Now, it’s true that Reginald Bradley is an extremely British name, and probably common enough that this wasn’t the only Reggie Bradley serving in the Far East theater in World War II. And while the date of capture, 15 February 1942, agrees with the date listed in the lathe article, it also happens to be the date of the Fall of Singapore, the end of a seven-day battle between Allied (mainly British) forces and the Japanese Imperial Army and Navy that resulted in the loss of the island city-state. About 80,000 Allied troops were captured that day, increasing the odds of confusing this Reginald Bradley with the R. Bradley who wrote the article.

The clincher, though, is Reginald Bradley’s listed occupation on the prisoner card: “Chartered Civil Engineer.” Even better is the information captured in the remarks field, which shows that this prisoner is an Associate Member of the Institution of Civil Engineers, which agrees with the “A.C.I.M.E” abbreviation in the article’s byline. Add to that the fact that the rank of Captain in the Royal Artillery listed on the card agrees with the author’s description of himself, and it seems we have our man. (Note: it’s easy to fall into the genealogical rabbit hole at this point, especially with an address and mother’s name to work with. Trust me, though; that way lies madness. It’s enough that the index card pictured above cost me £25 to retrieve from one of the National Archive’s “trusted partner” sites.)

The Royal Society of Social Engineers

The first big question about Captain Bradley is how he managed to survive his term as a prisoner of the Japanese Empire, which, as a non-signatory to the various international conventions and agreements on the treatment of prisoners of war, was famed for its poor treatment of POWs. Especially egregious was the treatment of prisoners assigned to build the Burma Death Railway, an infrastructure project that claimed 45 lives for every mile of track built. Given that his intake card clearly states his civil engineering credentials with a specialty in highways and bridges, one would think he was an obvious choice to be sent out into the jungle.

Rather than suffering that fate, Captain Bradley was sent to the infamous prison camp that had been established in Singapore’s Changi Prison complex. While not pleasant, it was infinitely preferable to the trials of the jungle, but how Bradley avoided that fate is unclear, as he doesn’t mention the topic at all in his article. He does, however, relate a couple of anecdotes that suggest that bridges and highways weren’t his only engineering specialty. Captain Bradley clearly had some social engineering chops too, which seem to have served him in good stead during his internment.

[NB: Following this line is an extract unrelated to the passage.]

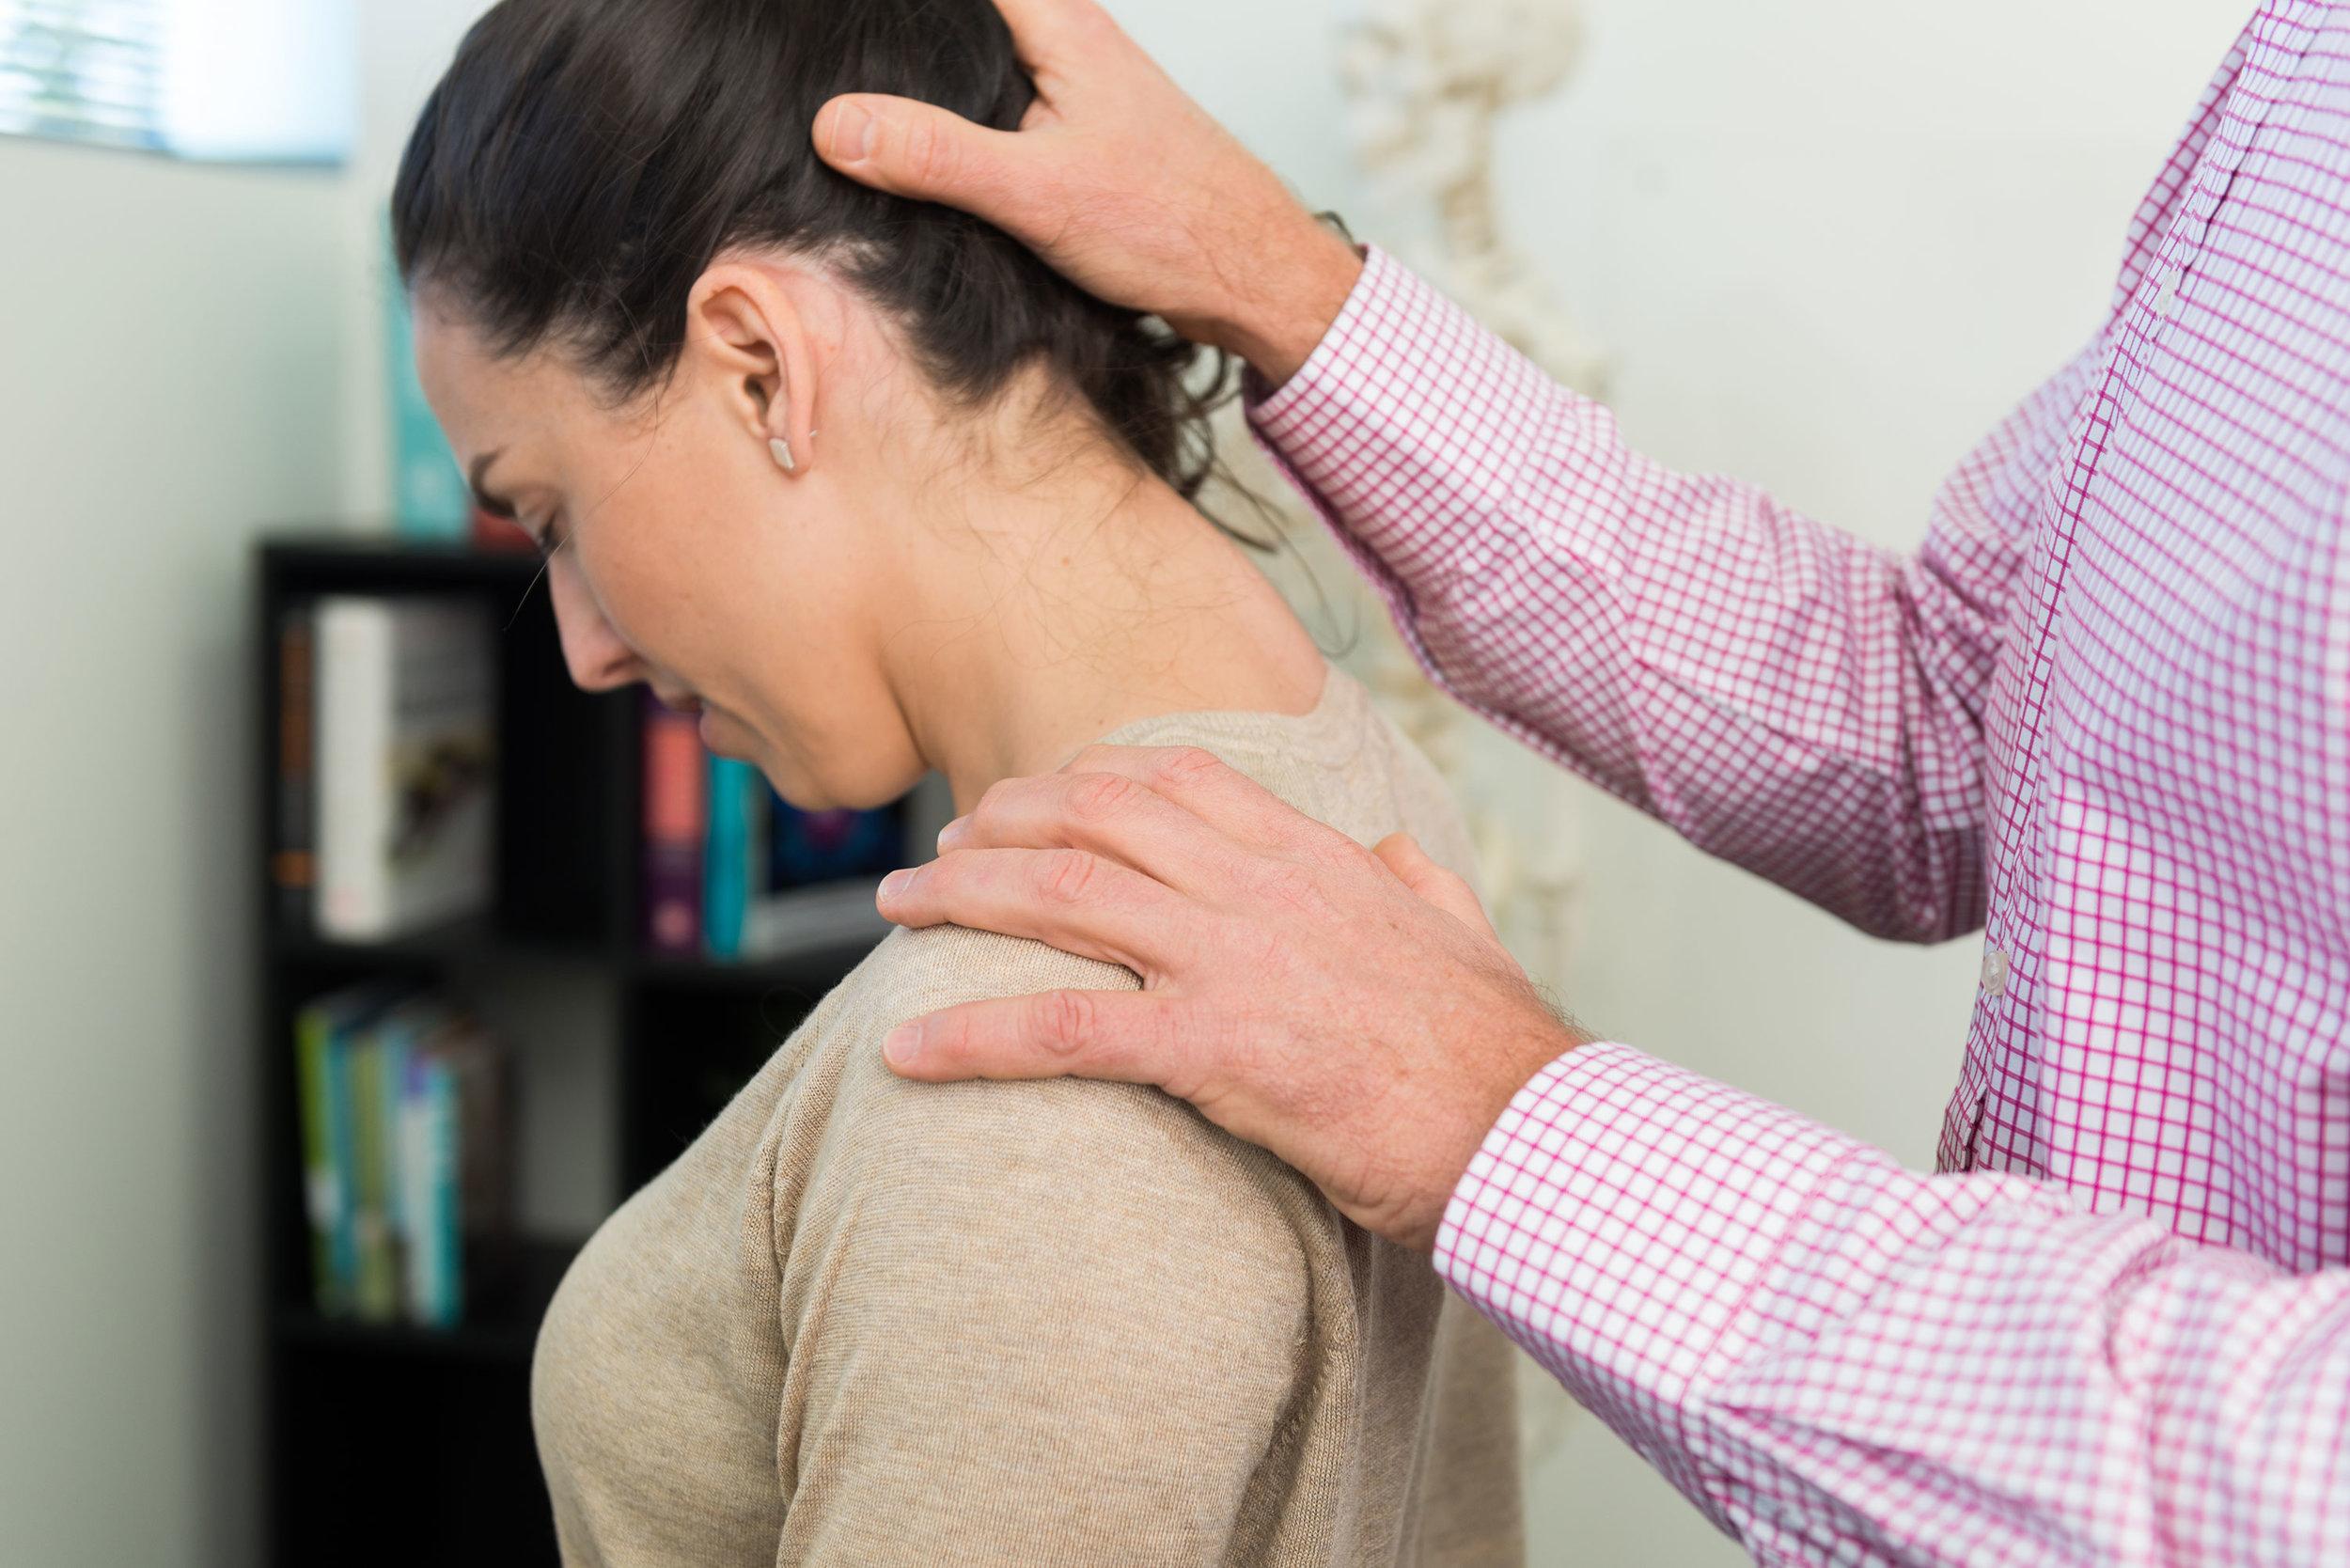 MSK-MEDICINE-TREATMENT–Gentle-Manual-Therapies-Dr-Chris-Homan

Within the first year of his term, he and his fellow officers had stolen so many tools from their Japanese captors that it was beginning to be a problem to safely stash their booty. They solved the problem by chatting up a Japanese guard under the ruse of wanting to learn a little Japanese. After having the guard demonstrate some simple pictograms like “dog” and “tree,” they made the leap to requesting the symbol for “workshop.” Miraculously, the guard fell for it and showed them the proper strokes, which they copied to a board and hung outside the officer’s hut between guard changes. The new guard assumed the switch from hut to shop was legitimate, and the prisoners could finally lay out all their tools openly and acquire more.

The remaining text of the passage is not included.